I am trying to build a model where the price benchmark of electricity increases when wind energy is down and vice versa when there's lots of wind.
my dataframe looks like this:
df:
wind Cost
2021-01-01 01:00:00 4281.000000 12.72250
2021-01-01 02:00:00 4384.083333 11.34000
2021-01-01 03:00:00 4405.666667 11.34000
2021-01-01 04:00:00 4514.666667 9.93300
2021-01-01 05:00:00 4692.416667 9.49200
... ... ...
2021-12-31 20:00:00 9698.000000 32.87550
2021-12-31 21:00:00 9854.083333 34.38225
2021-12-31 22:00:00 9880.916667 29.61000
2021-12-31 23:00:00 10356.500000 11.76000
2022-01-01 00:00:00 10478.500000 15.75000`
I've used df.describe() to summarise the data and got this:
wind Cost
count 8760.000000 8760.000000
mean 5588.449878 22.131348
std 3774.164710 9.547735
min 56.333333 0.042000
25% 2297.604167 13.475437
50% 4792.375000 20.160000
75% 8710.187500 33.012000
max 14132.166667 34.996500
How do I please create a new column for every hour and depending on the wind in the system, the price is set. So for example when the value under the wind column falls in the min-25% percentile, the cost goes up by 5. 25-50%, cost by 2.5. However, when wind value falls between 75%-max, cost decreases by 5, and 50%-75% cost goes down by 2.5.

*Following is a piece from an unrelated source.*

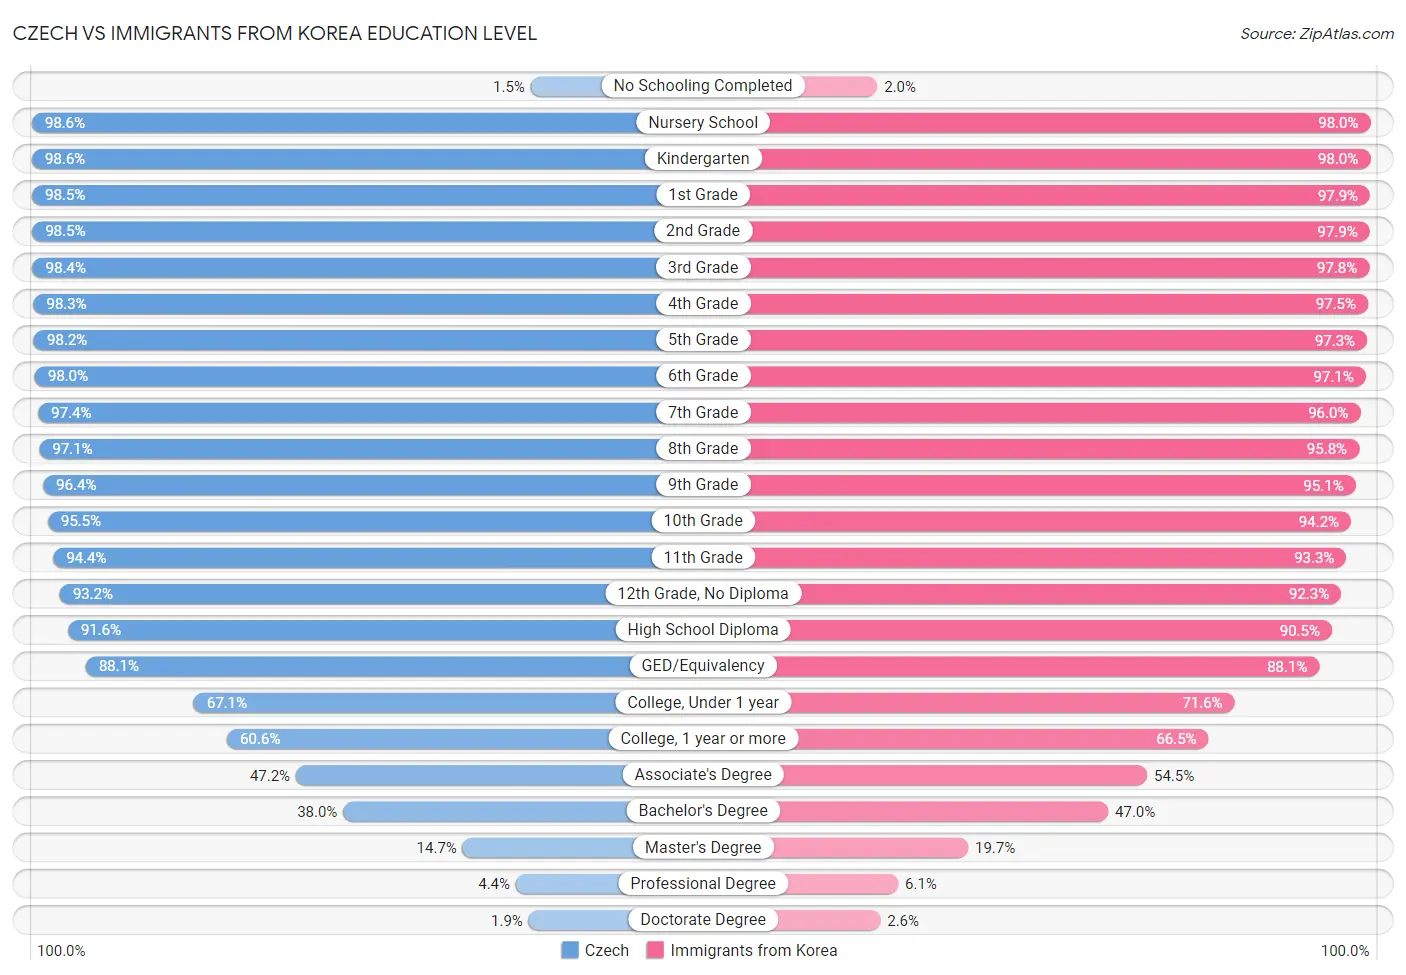 Czech vs Immigrants from Korea Education Level
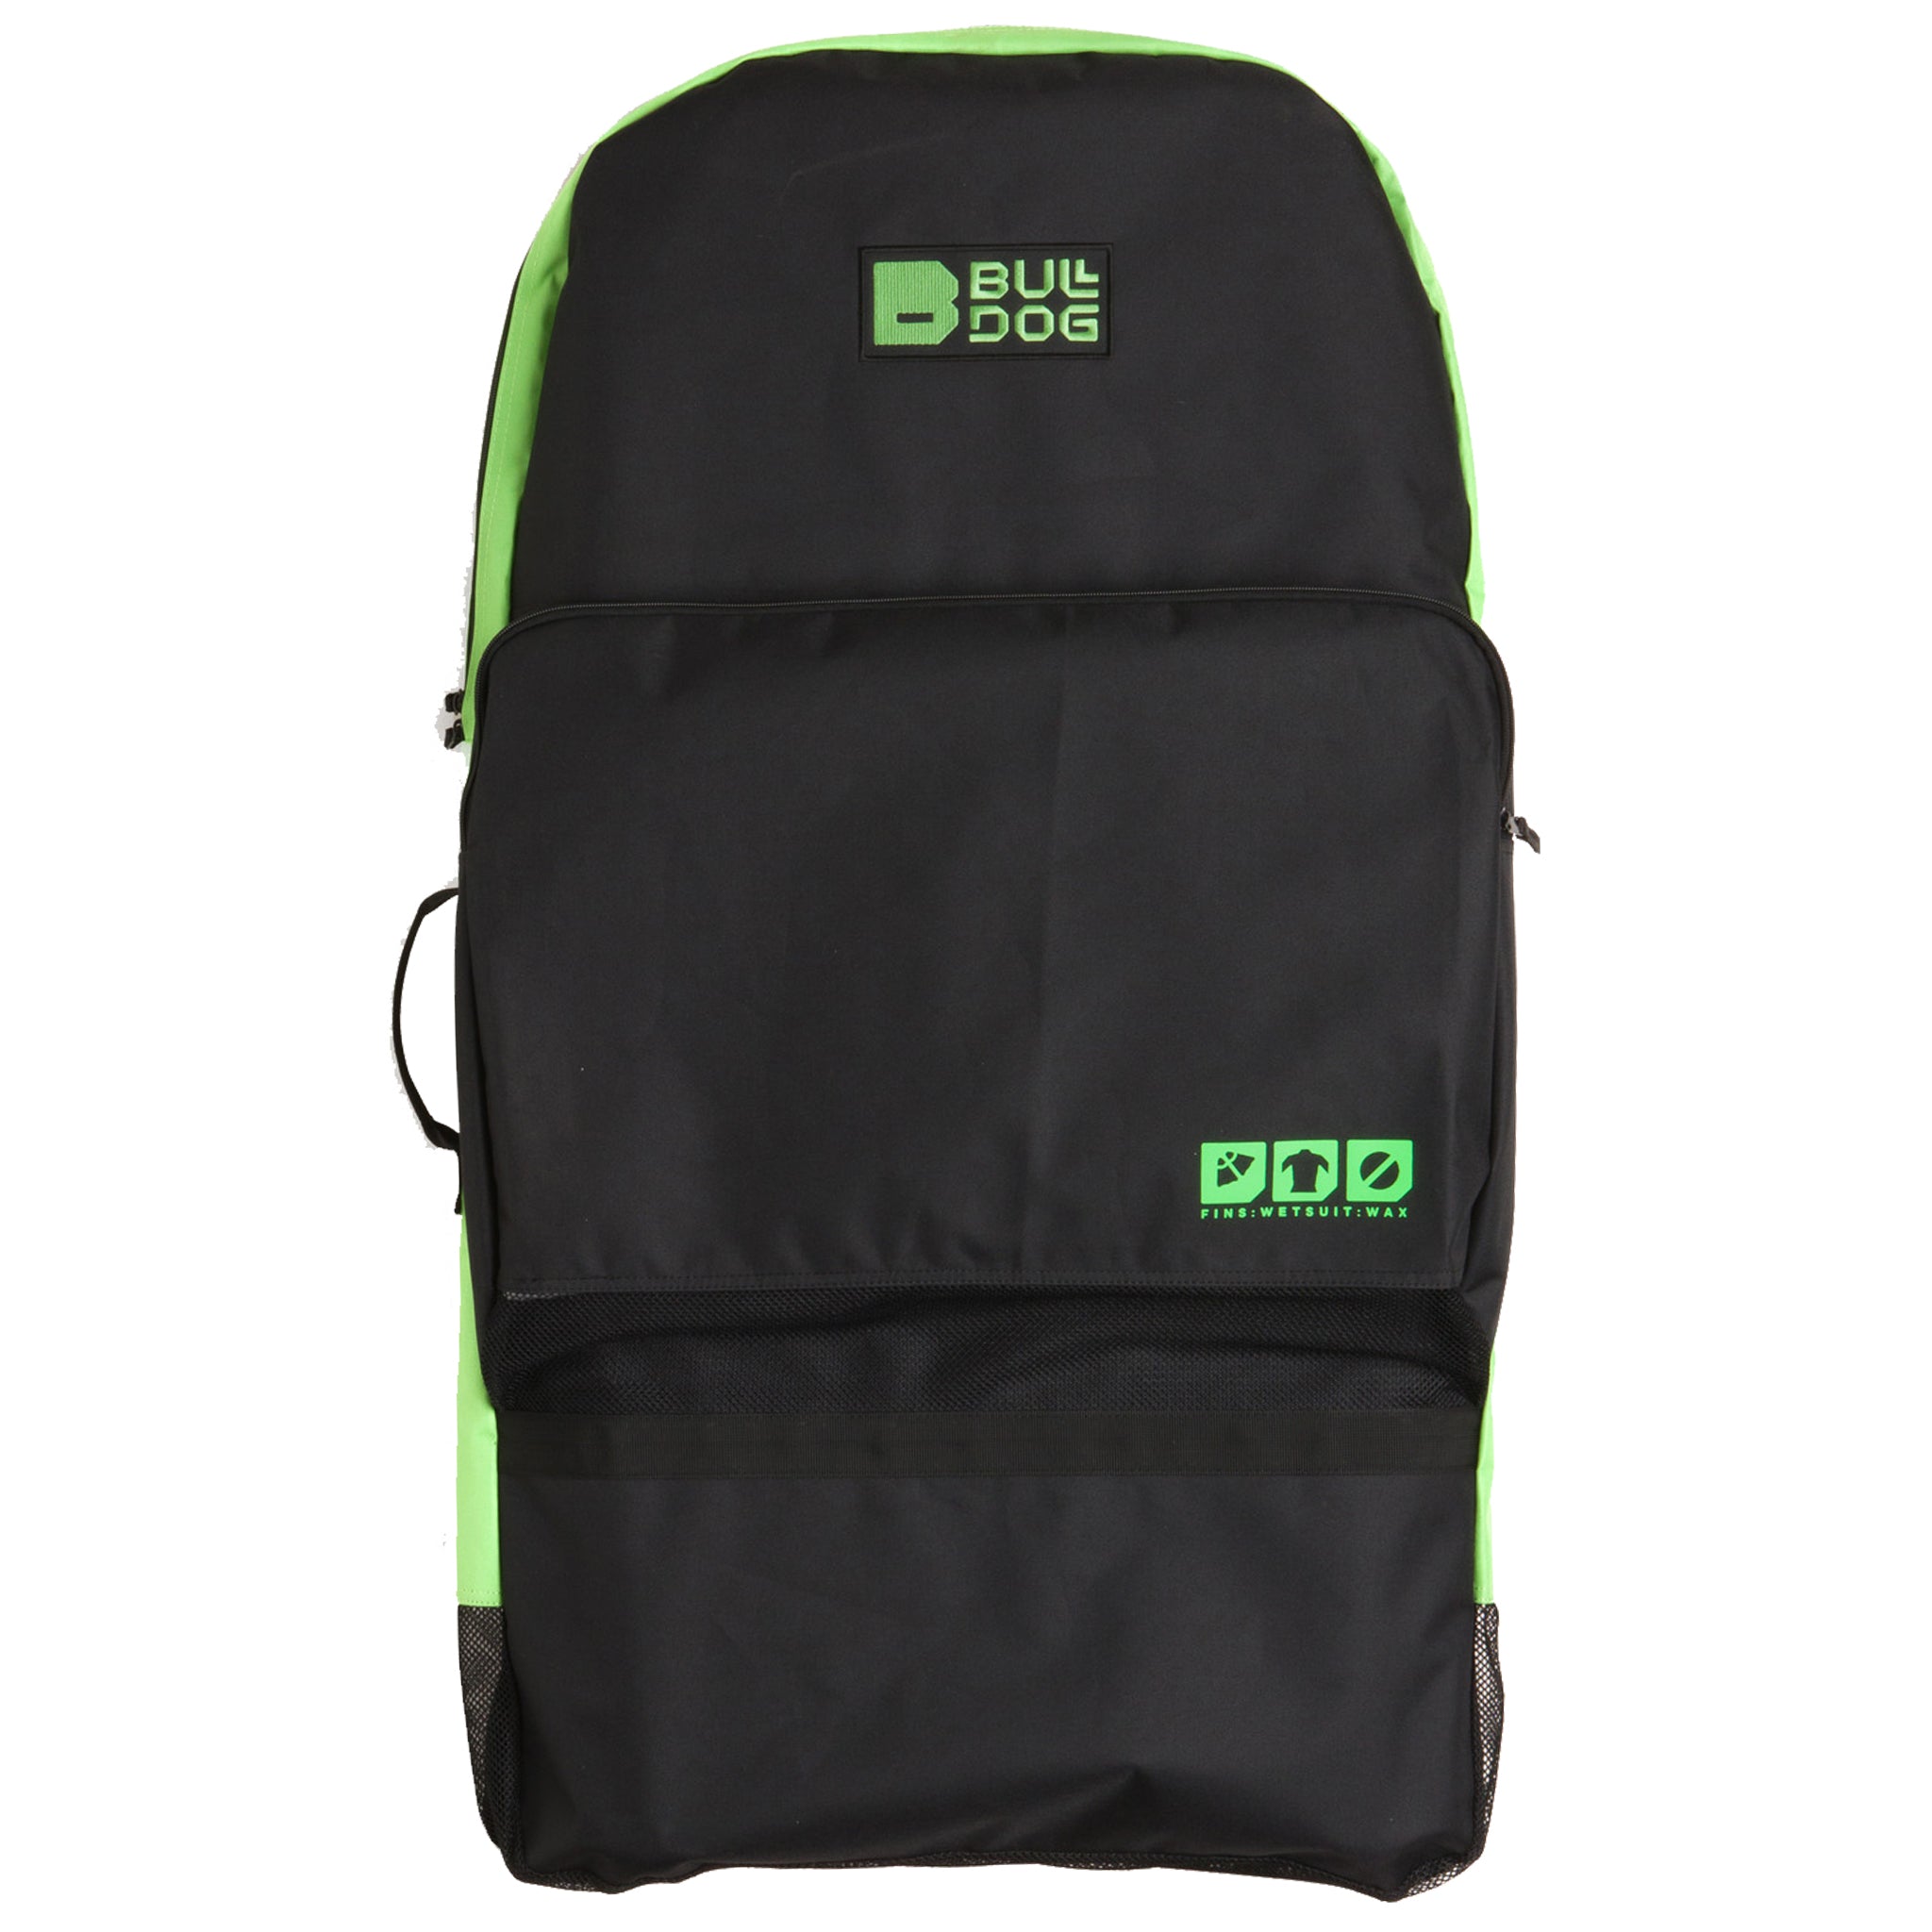 Bulldog Bodyboard Bag - Black/Neon Green

Any help or being pointed in the right direction would be helpful. Many thanks
CodePudding user response:
I think pd.cut
would solve your problem.
For example,
import numpy as np
import pandas as pd
df["cost_difference"] = pd.cut(
df["wind"],
bins=np.quantile(df["wind"], [0,0.25,0.5,0.75,1]),
include_lowest=True,
labels=[5, 2.5, -2.5, -5]).astype(float)
EDIT: I forgot about pd.qcut, which basically packages np.quantile
into cut
, thereby saving you a step:
df["cost_difference"] = pd.qcut(
df["wind"],
q=[0, 0.25, 0.5, 0.75, 1],
labels=[5, 2.5, -2.5, -5],
).astype(float)
This adds a column "cost_difference"
that has the values provided as "labels" for each range of values, by quantile.
So for this case wind range maps to cost difference as
0-25% -> 5
25%-50% -> 2.5
50%-75% -> -2.5
75%-100% -> -5
then you could take df["Cost"] df["cost_difference"]
to get your final cost.
EDIT2: added cast to float so that addition works.